Когда была совершена сделка по Будёновскому месторождению, у граждан возникло беспокойство, что Казахстан теряет контроль над ключевыми сырьевыми активами. Но вы неоднократно говорили, что основная доля владения во многих проектах остается за Казахстаном. И все же, планируете ли вы полностью продавать или давать абсолютное право на реализацию каких-либо проектов инвесторам?

Разговор об уране — это одно, а о железной дороге — это другое. Если речь идет об уране, то есть закон, в соответствии с которым нацкомпания «Казатомпром» при любом раскладе должна владеть не менее чем 51% в любом урановом активе. И мы не можем его нарушить. Что касается «Казатомпрома», то мы не планируем какие-то урановые активы к отчуждению.

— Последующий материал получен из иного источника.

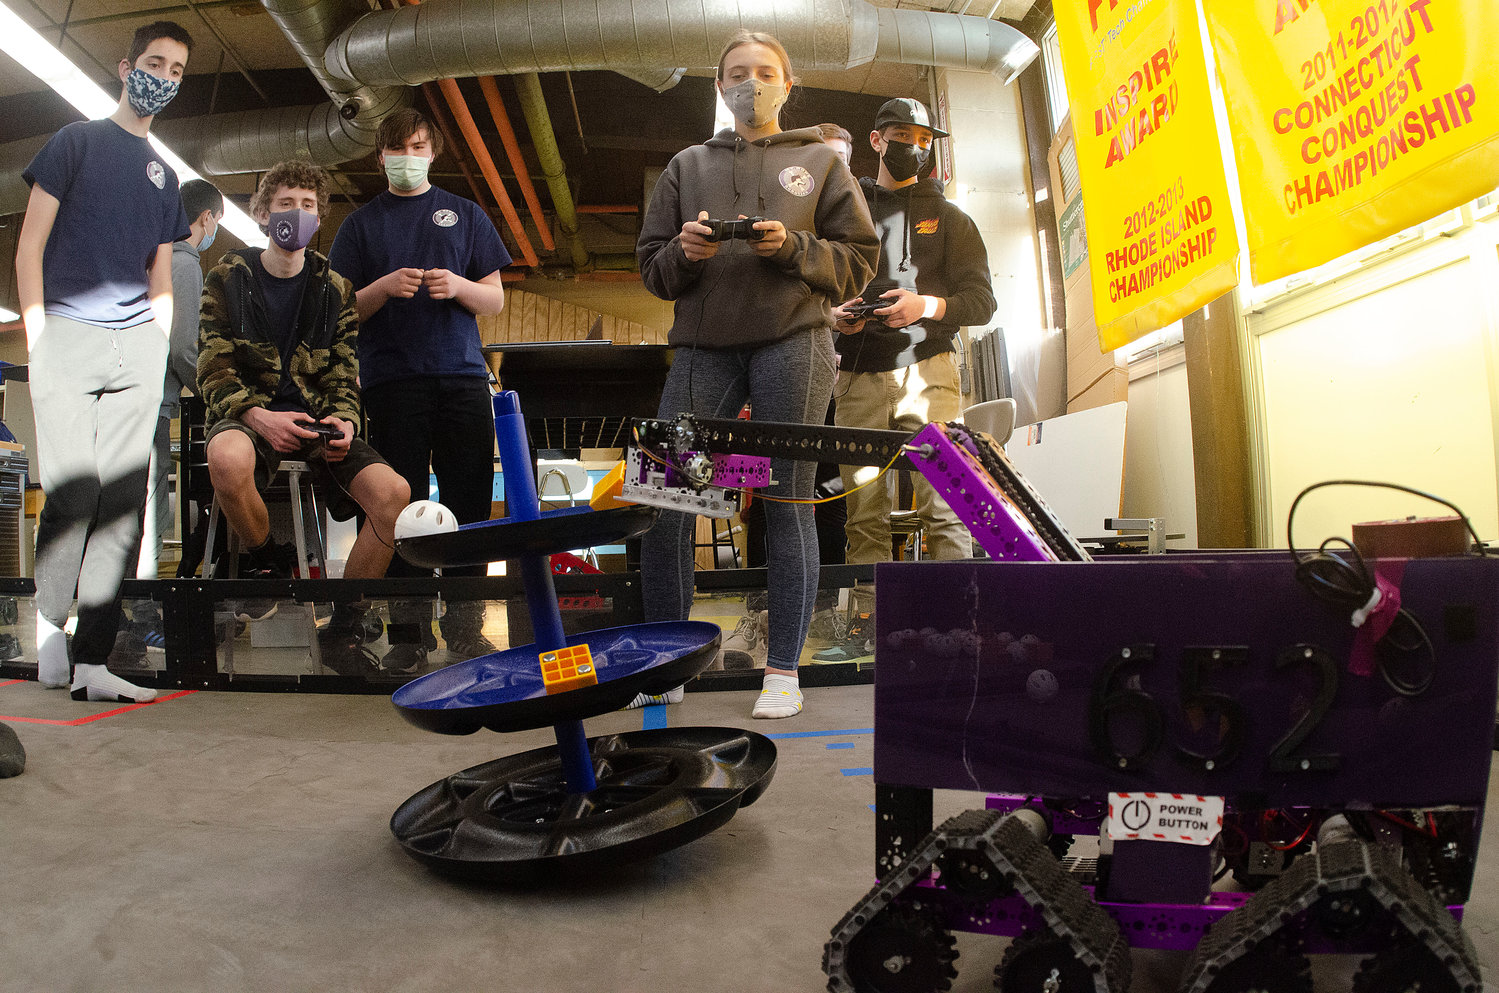 Samuel Howard (left, seated) and Alice Grantham practice with their team's robots in the arena.

Аналитики часто критикуют портфельные компании вашего фонда за высокую закредитованность, называя это скрытым государственным долгом, с которым государство может не справиться в ситуации резкого и сильного кризиса. Насколько «здоровыми» с финансовой точки зрения вы считаете свои портфельные компании? И насколько фонд в силах выполнять обязательства по их кредитам?

Текущий уровень долга группы компаний «Самрук-Казына» находится на приемлемом уровне. У нас есть финансовые коэффициенты, такие как долг на EBITDA, которые мы на ежеквартальной основе мониторим. И сейчас эти коэффициенты для нас как для группы находятся на достаточно комфортном уровне. Поэтому я не вижу никаких рисков с выплатой долгов, которые есть по группе «Самрук-Казына».

Но учитывая пайплайн проектов на 49 трлн тенге, который у нас сейчас есть, уровень нашего долга будет расти. Мы частично будем финансировать эти проекты за счет долга. И это стандартная практика во всем мире. Мы внимательно будем относиться к росту долга, чтобы обеспечить должную финансовую устойчивость фонда.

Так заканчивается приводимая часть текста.